The executive officer in charge of Impact Strategy reports the results of Impact Strategy Committee discussions and deliberations to the Board of Executive Officers, enabling necessary decisions to be made. The executive officers and functional leaders, who are in charge of promoting Impact Strategy initiatives, also then communicate updates and decisions made in the Impact Strategy Committee to their respective functions to facilitate action. Information is also shared at the Impact Strategy Committee from other related committees that are deeply involved in activities.

In FYE2022, the structure and function of the Impact Strategy Committee was rearranged to reflect revisions made by the Tokyo Stock Exchange to Japan’s Corporate Governance Code and ensure ultimate oversight of sustainability issues by our Board of Directors. The position of the Impact Strategy Committee as a venue for encouraging cross-divisional discussion of policies and measures has been strengthened, with more senior leaders appointed to the committee.

Recent discussion in FYE2022 at the Impact Strategy Committee included defining the KPI monitoring and tracking processes for material issues that were updated in FYE2021, risk assessment processes, creating a workplace and society that facilitate active participation of people with disabilities, and general progress and policies relating to human rights due diligence and TCFD, etc.

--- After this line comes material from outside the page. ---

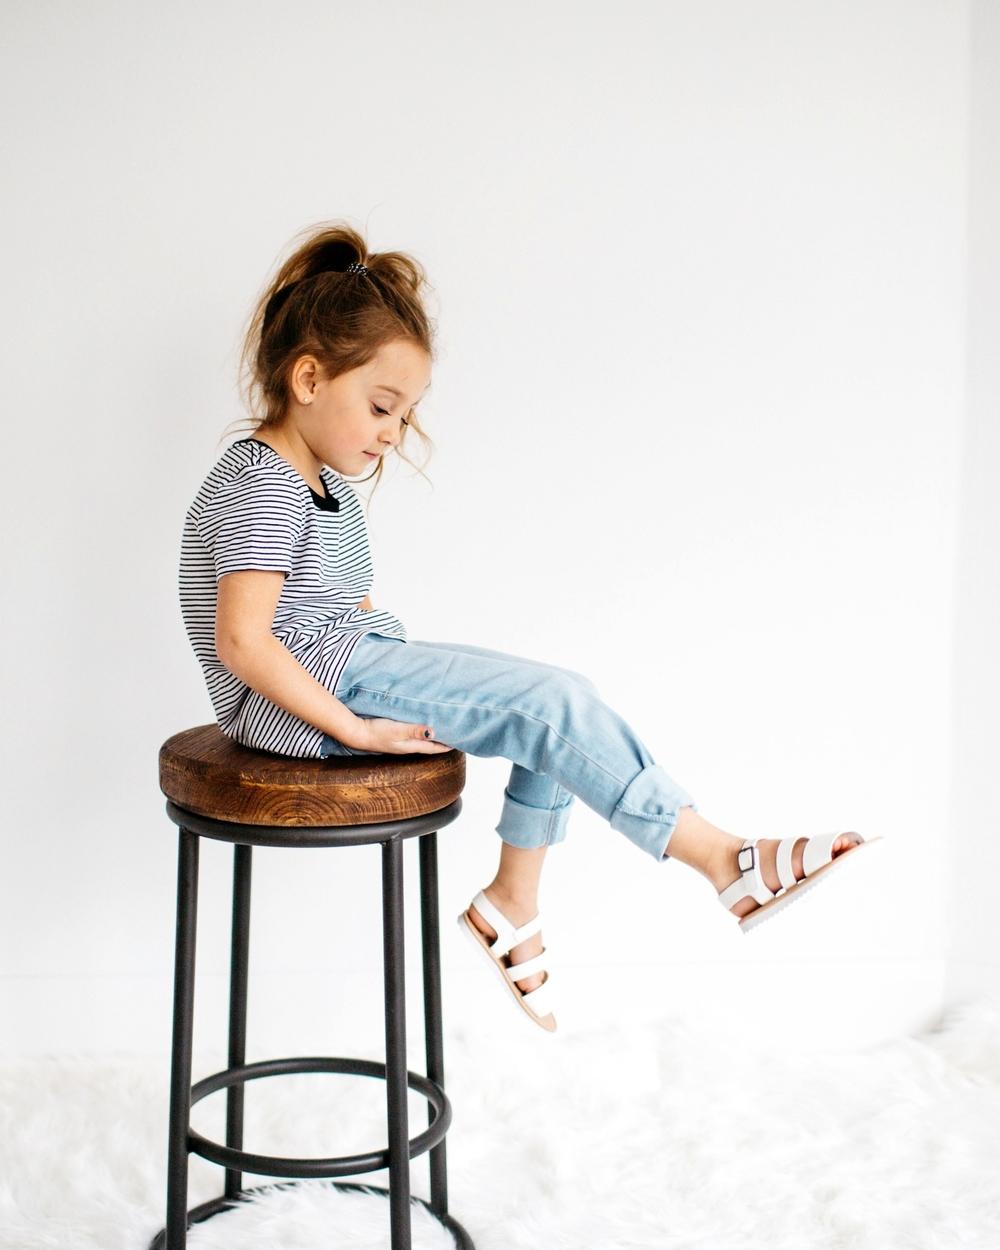 Children Indoor Lifestyle Session Rockford Photographer_0032.jpg

Regarding the compensation system for executive officers, we have introduced stock-linked compensation that helps encourage their contribution to improving the company’s medium- to long-term corporate value, including environmental, social and governance (ESG) factors. For officers who are expected to improve the company’s value over the medium- to long-term, including from an ESG perspective, the ratio of stock-linked compensation to total compensation is set higher based on the deliberation of the Compensation Committee.